_DATA EXTRACT_
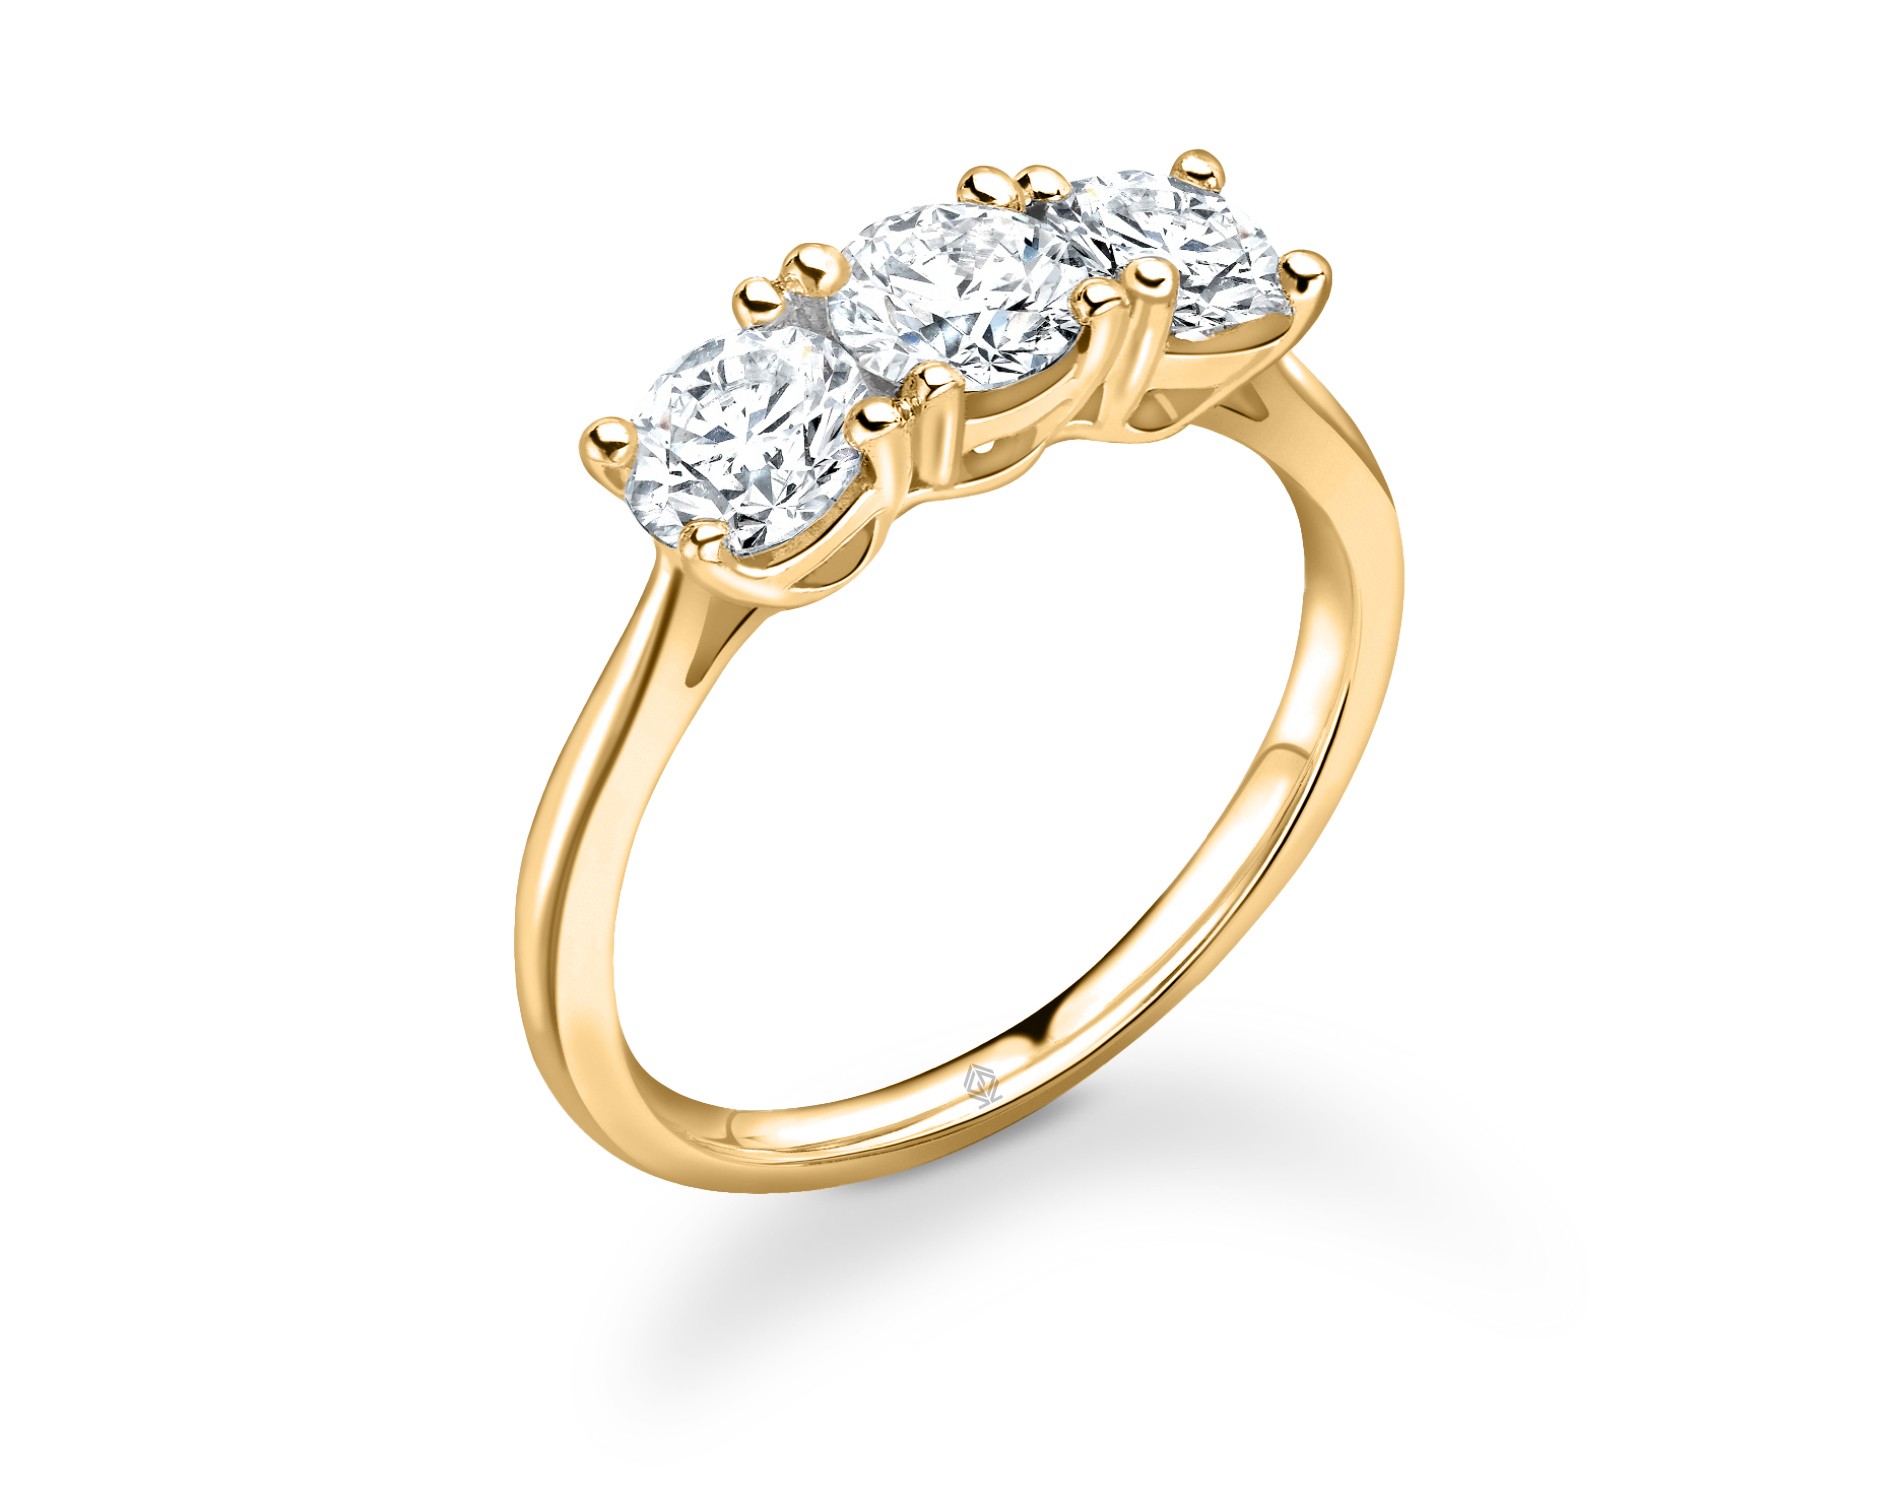 18K YELLOW GOLD ROUND CUT TRILOGY DIAMOND ENGAGEMENT RING
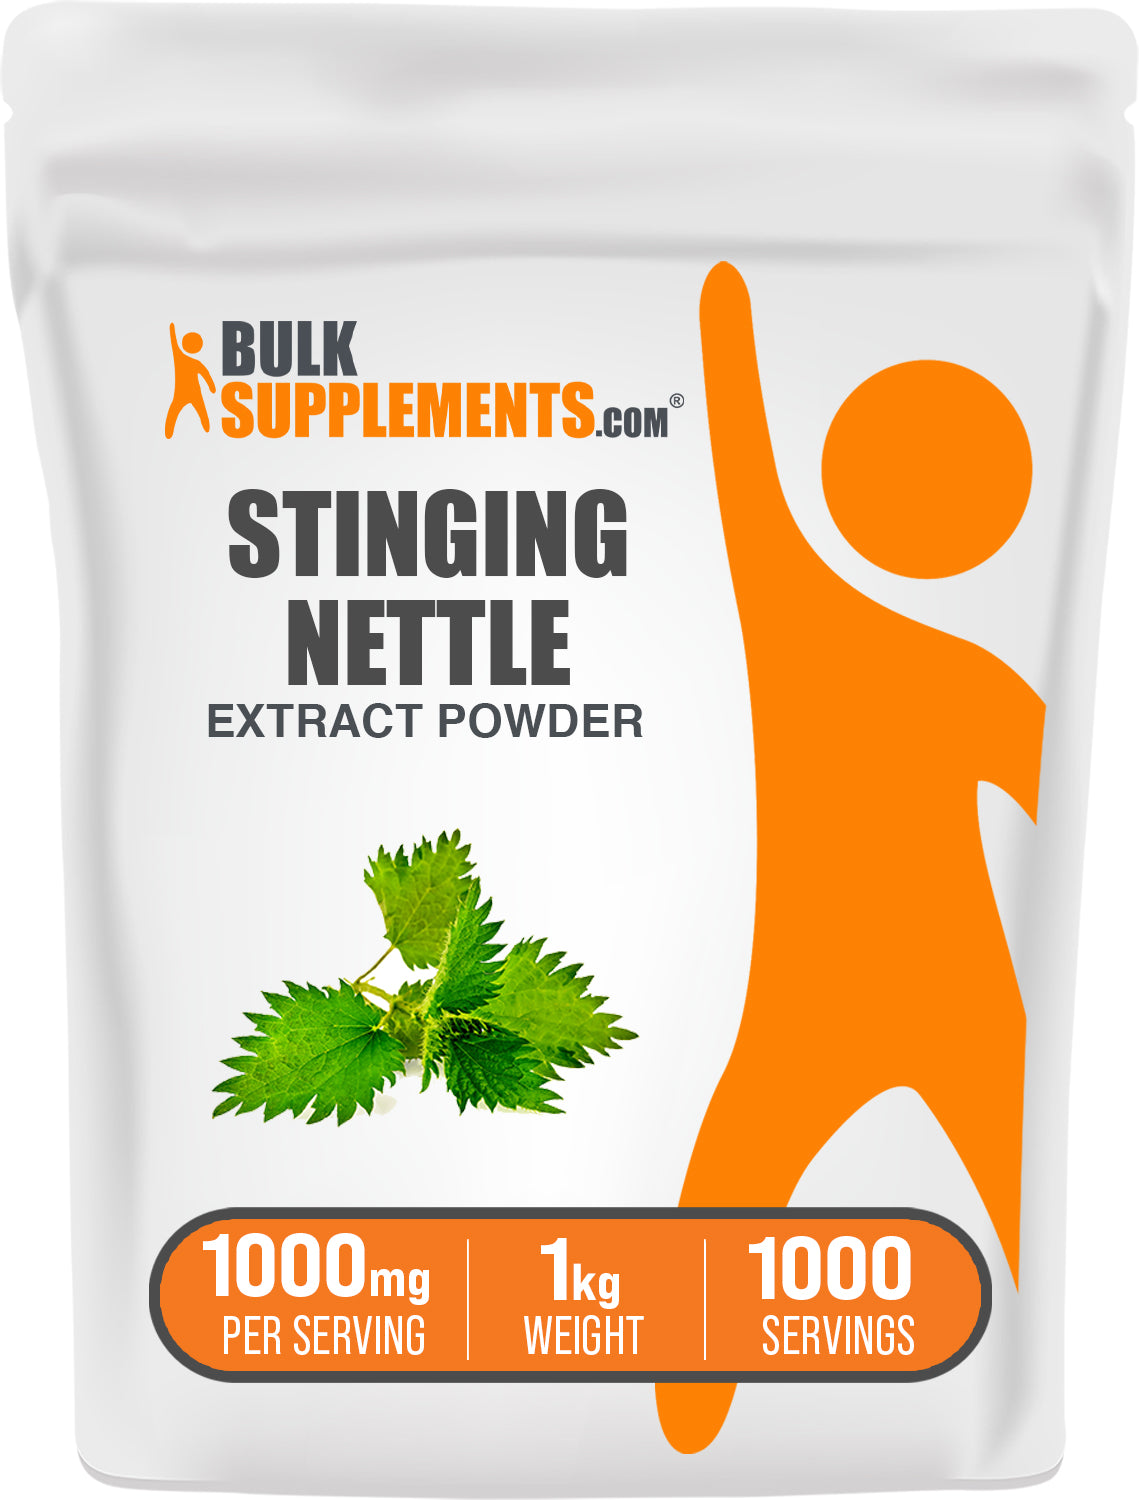 BulkSupplements.com Stinging Nettle Extract Powder 1kg bag
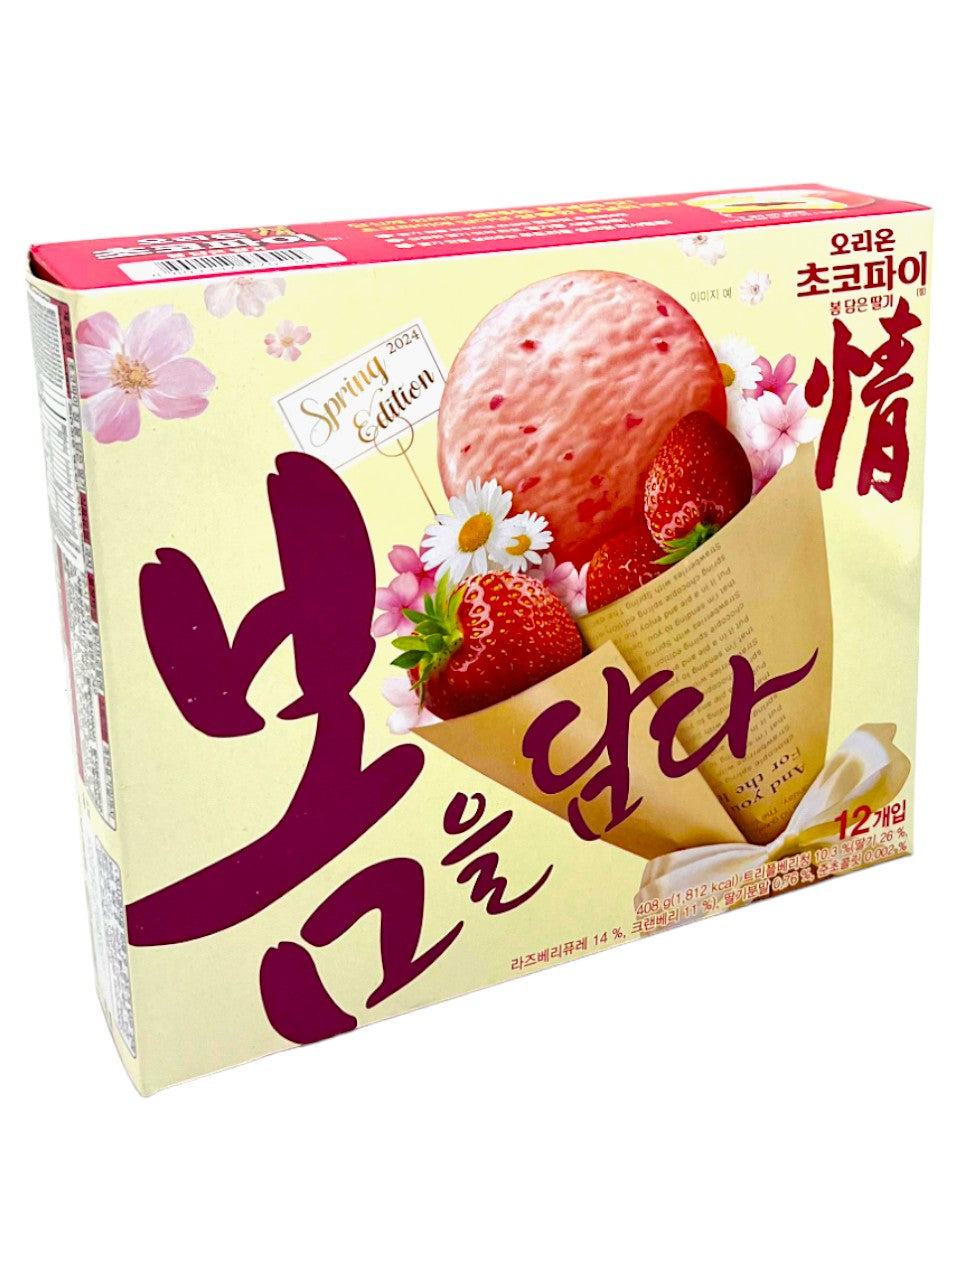 Orion Choco Pie Strawberry Spring Edition (Korea)
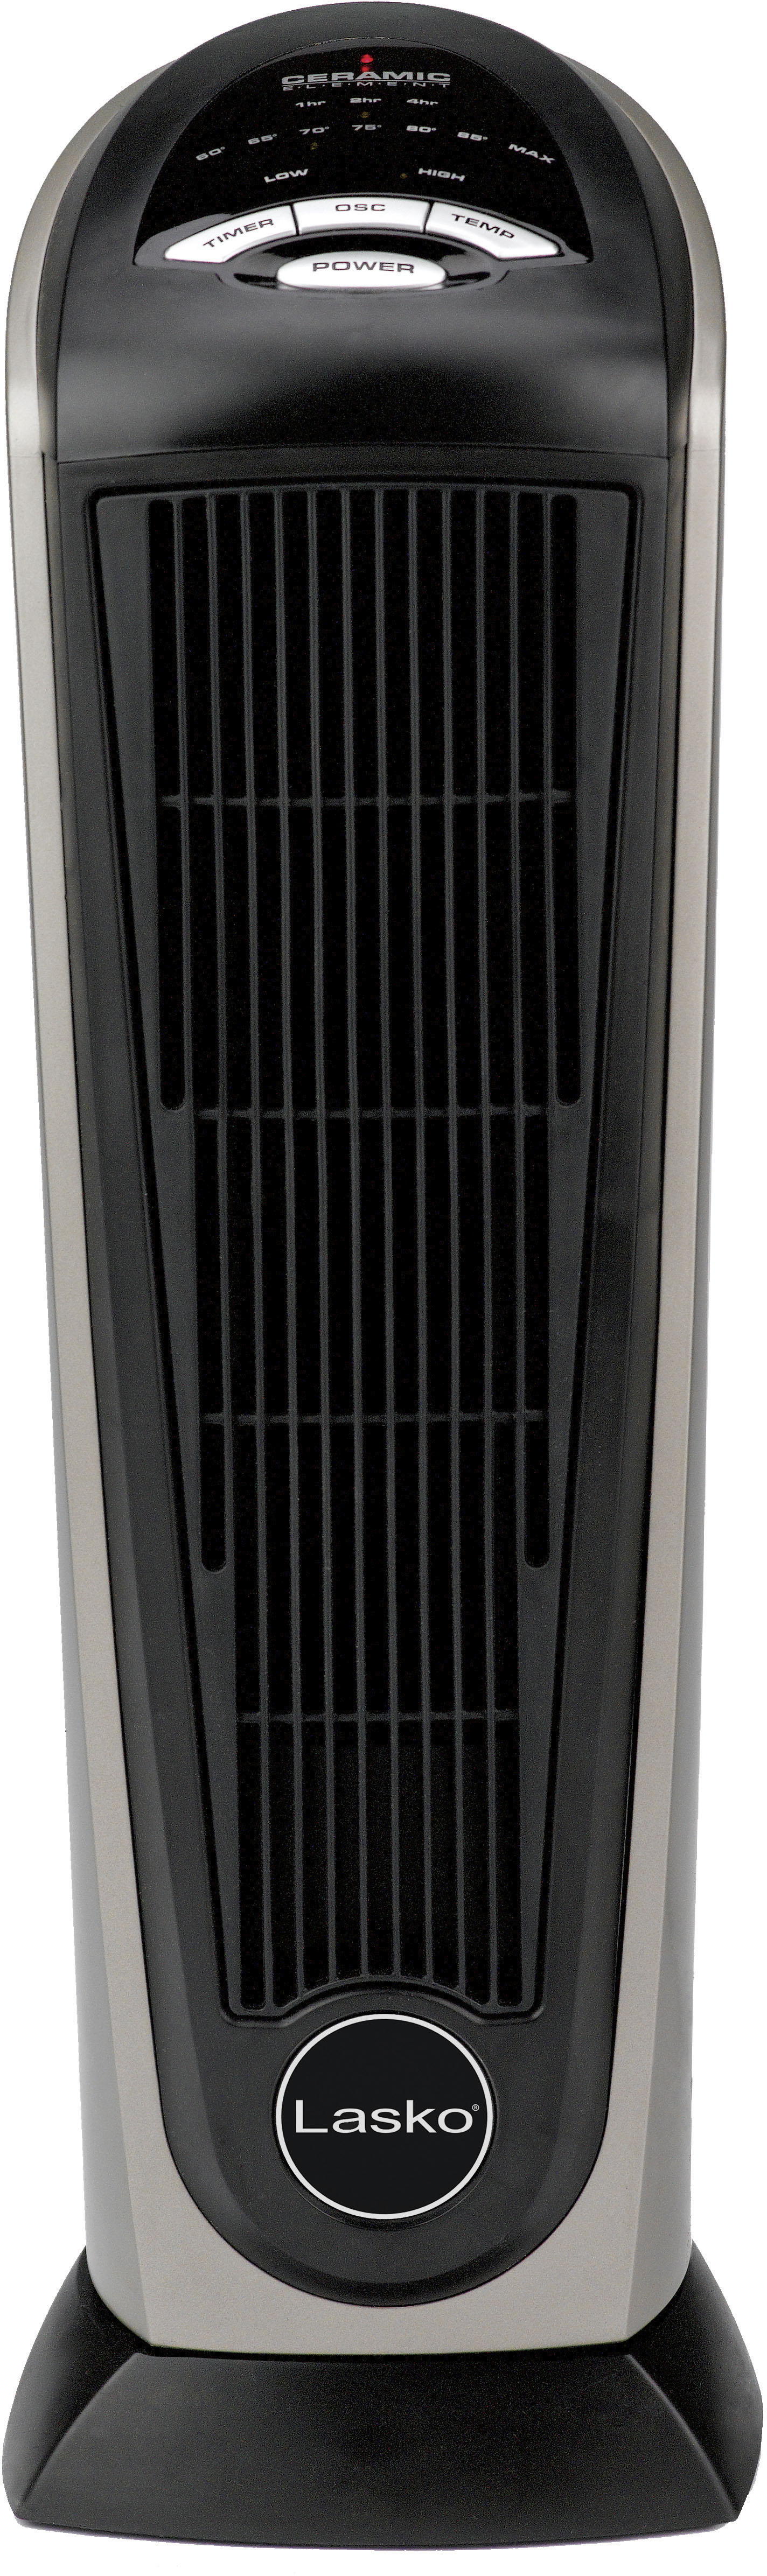 Lasko - Ceramic Tower Space Heater with Remote Control - Black/Silver

_WHAT IS REQUIRED_
Print out the material word for word, omitting the pictures.

_YOUR SOLUTION_
 18K YELLOW GOLD ROUND CUT TRILOGY DIAMOND ENGAGEMENT RING
 BulkSupplements.com Stinging Nettle Extract Powder 1kg bag
 Orion Choco Pie Strawberry Spring Edition (Korea)
 Lasko - Ceramic Tower Space Heater with Remote Control - Black/Silver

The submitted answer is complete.